START DATA SECTION

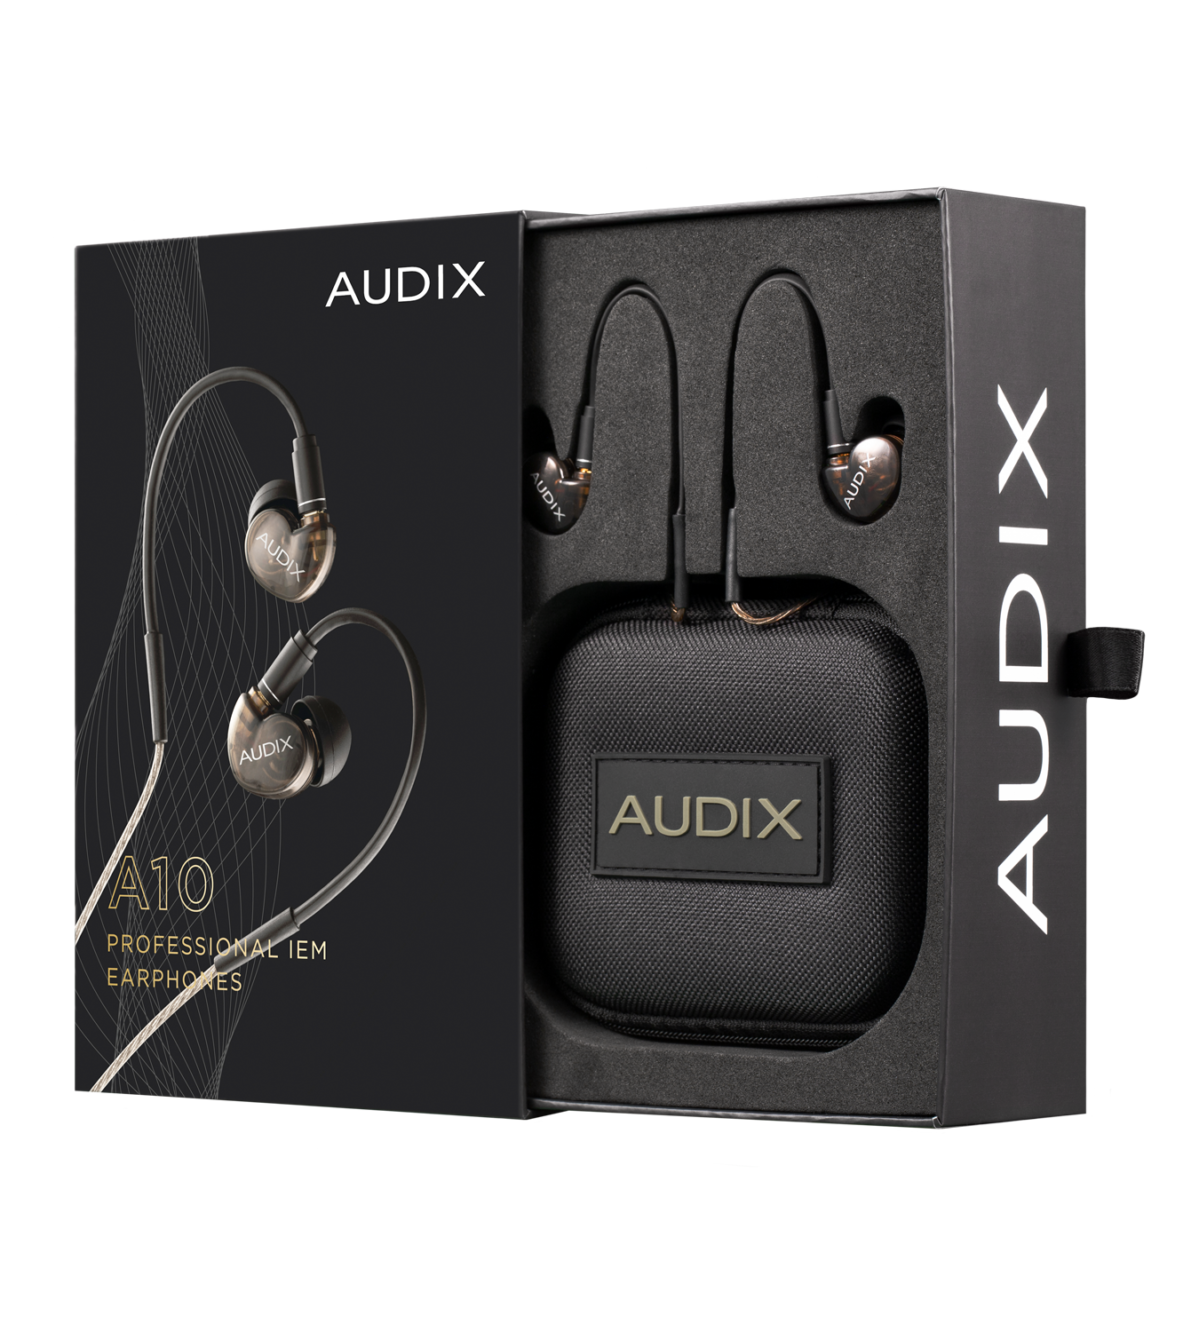 AUDIX A10 Earphones
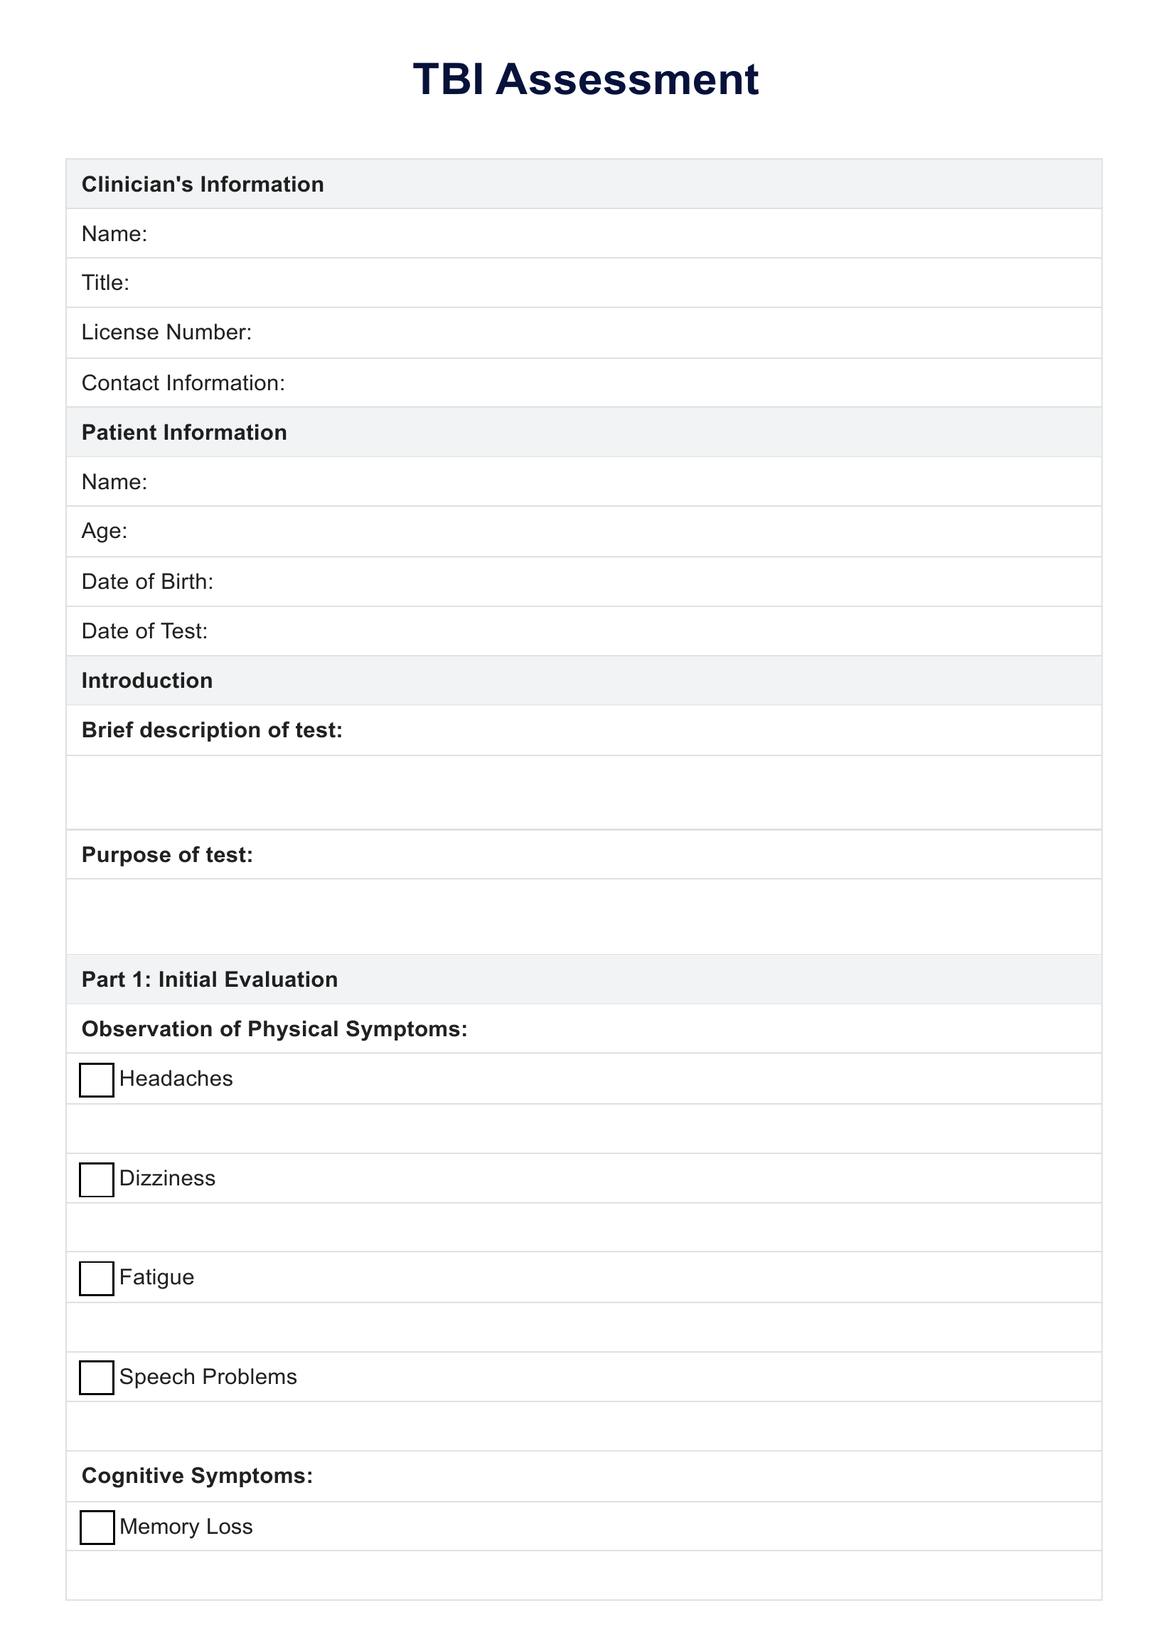 TBI Assessment PDF Example
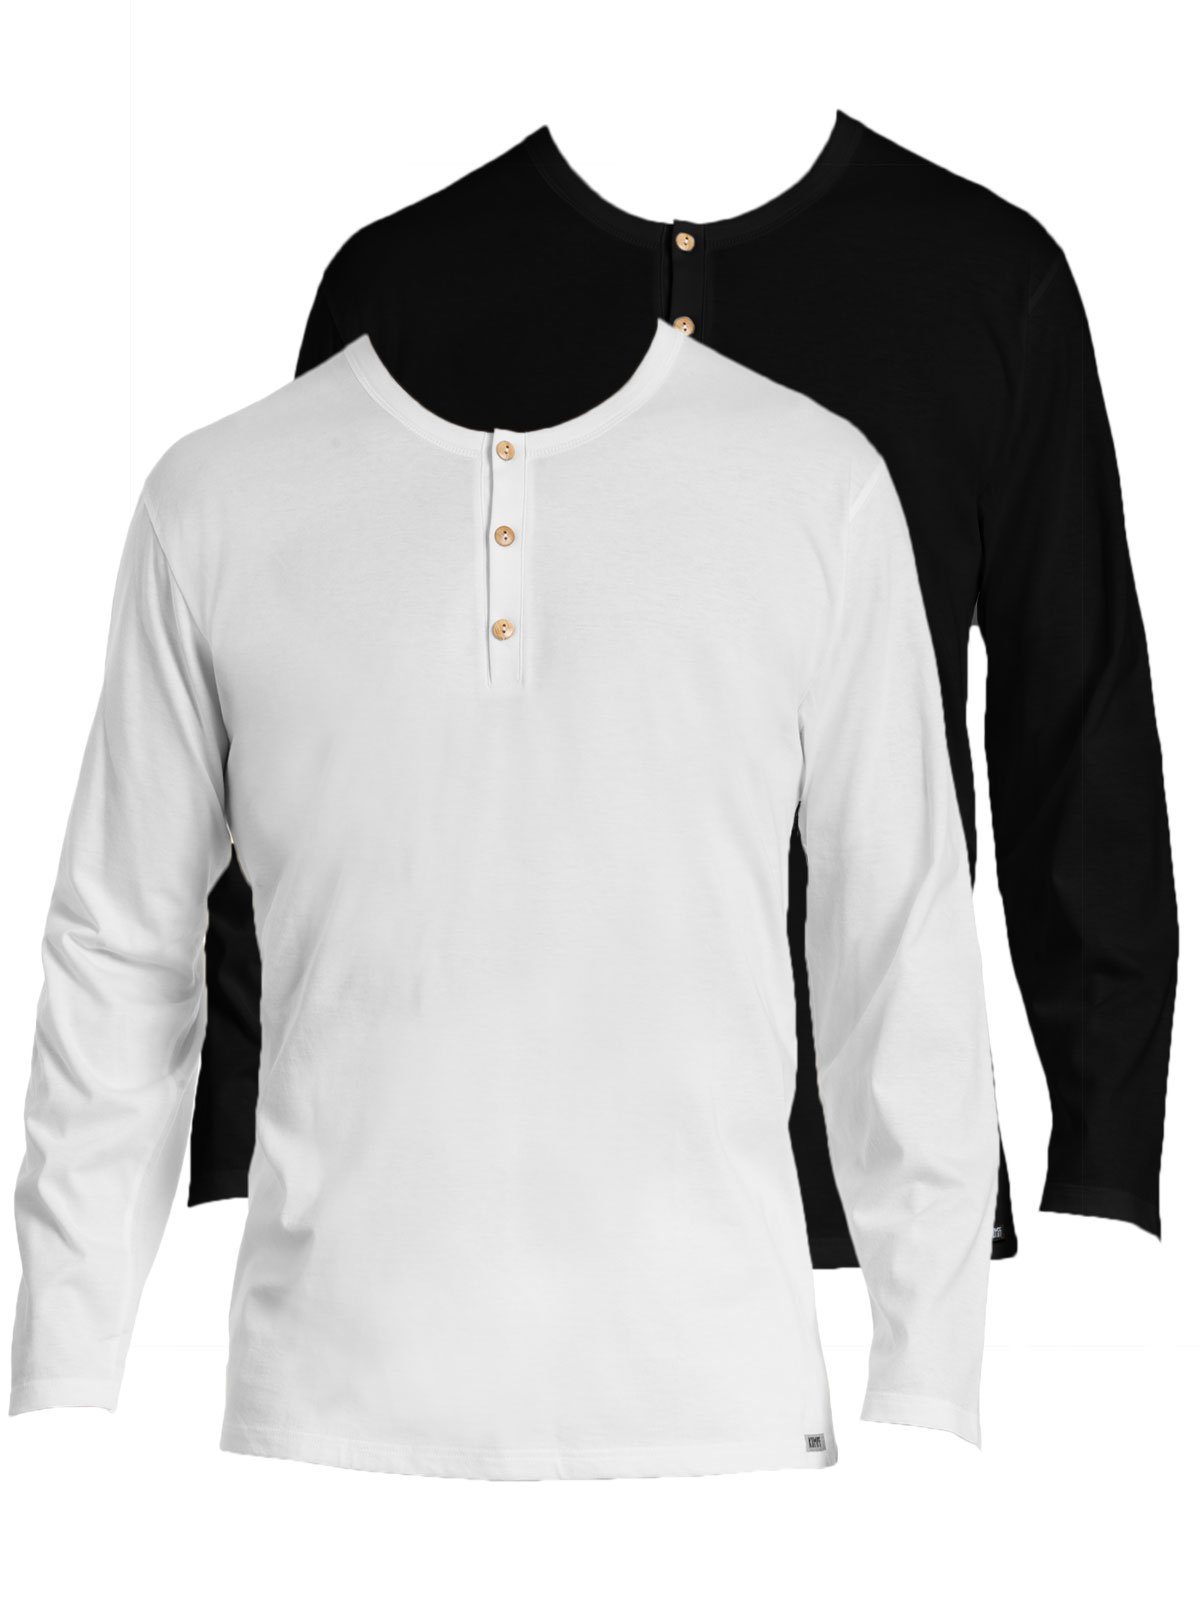 KUMPF Unterziehshirt 2er Sparpack Herren langarm Shirt Bio Cotton (Spar-Set, 2-St) hohe Markenqualität schwarz weiss

END DATA SECTION

▶ _TASK DESCRIPTION_
Reproduce the material word for word. Any pictures should be left out of the copy.

▶ _ANSWER SECTION_
 AUDIX A10 Earphones
 TBI Assessment PDF Example
 KUMPF Unterziehshirt 2er Sparpack Herren langarm Shirt Bio Cotton (Spar-Set, 2-St) hohe Markenqualität schwarz weiss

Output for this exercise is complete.